Kaggle is currently the best place for stragglers to use real data for machine learning practices, with real data and a large number of experienced contestants, as well as a good discussion sharing atmosphere.
Tree-based boosting/ensemble method has achieved good results in actual combat, and Chen Tianchi provides high-quality algorithm implementation Xgboost also makes it easier and more efficient to build a solution based on this method, and many of the winning schemes of the game use Xgboost.
This article records a complete (abbreviated but complete) process of giving a full model from scratch to the final use of xgboost, if you have some basic concepts of machine learning, but do not live on actual data, then this article may be right for you:). Combat, Homesite competition
If you do not smell it, you cannot smell it, but if you do not know it, you do not know it.
--Xun Zi
So we start a specific game, Homesite competition, this competition is the insurance company based on previous user information and insurance quotes, and finally whether to buy insurance data, hoping to finally get a classification model, based on user information and quotes, predict whether the user will purchase the single insurance.
There are a lot of contestants who will release their code for your reference (in Kaggle, the code for sharing the discussion is called a kernel). Let's start with a xgboost-based code that is simple but works fine.

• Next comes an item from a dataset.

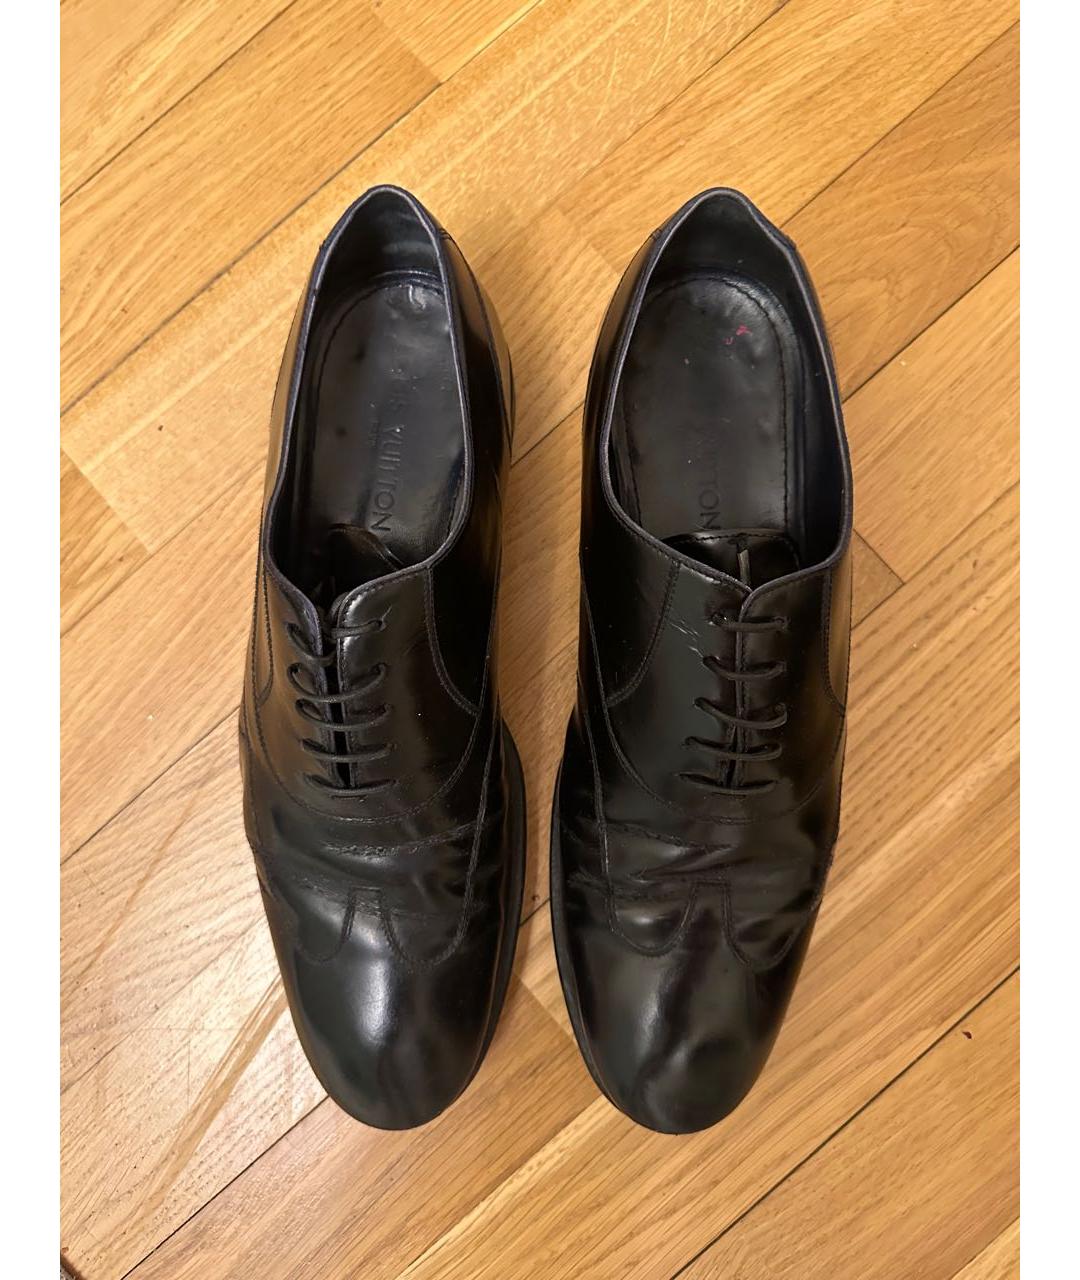 LOUIS VUITTON PRE-OWNED Черные кожаные низкие ботинки, фото 3

After downloading the required data for Homesite competition and the kernel code mentioned earlier, the structure of each file is as follows:
Required Documents
If you have installed NumPy, Scikit-learn, Pandas, xgboost and other required packages, then enter the SRC folder to run the code can produce a result. Code Explanation
A line of detailed introduction is too verbose, pick some important part of the note: Read the data
The first is to import the required packages, then read the data and see what the data looks like:
Read data to remove meaningless feature
Quotenumber is only used to identify a property of each business, without any physical meaning, can be safely removed from the feature, without fear of affecting the training of the model effect:
Remove a column of unused properties convert feature to a more physically meaningful format
The date in the discovery data is just STR, and we need to convert it to datetime:
Check Date Properties
Convert Date to DateTime
If we turn DateTime into a year and a month, it is a better feature for physical meaning:
Convert datetime to Month day
You can then remove the datetime column:
Remove datetime column check missing value
In fact, this step should be done earlier, but the data involved in this article has not much impact.
There are indeed missing values in the discovery data,
Check if there are missing values
See where these missing data are, and what they look like:
See where the missing values are.
Although Xgboost built-in to the missing value of the processing, but more reasonable processing always need specific data specific analysis, you can see detailed data cleaning/visualization This kernel is how to deal with the missing values.
Here is a simple process, fill in all the missing values with an unlikely value:
Simple padding missing values, here of course, can do more meticulous processing, such as the number of data types to fill in the number, but in this task does not affect the nature of the class feature do Labelencode
Many of the features in real-world data are not numeric types, but category types, such as red/blue/white, although decision trees are naturally adept at dealing with the characteristics of category types, but we still need to convert the original string value to the category number.
found that the feature in train and test are not consistent, and the Quoteconversion_flag attribute in train is not in test (the Quoteconversion_flag here indicates whether the business is finally made, test_ The set should certainly not have this attribute, or let you predict what),
Properties of trainset and Testset show
The other properties are the same:
The difference is limited to Quoteconverion_flag
Do Labelencode for features of non-numeric types:
Labelencode
When done, the string is converted to the category number:
Attributes after labelencoding use CV (cross validation) to do the XGB classifier model's assistant
Use CV to tune the parameters, of course, the parameter space is your own choice:
CV, Stratifiedkfold retains the proportion of positive and negative samples in each fold consistent with that ratio in the sample complete
To export the final result:
Output Best Model
Of course you can also see how the model behaves under each parameter:
Comparison of model results under each parameter
Here, basically completed the time, although the brief, but also the general complete data analysis in combat.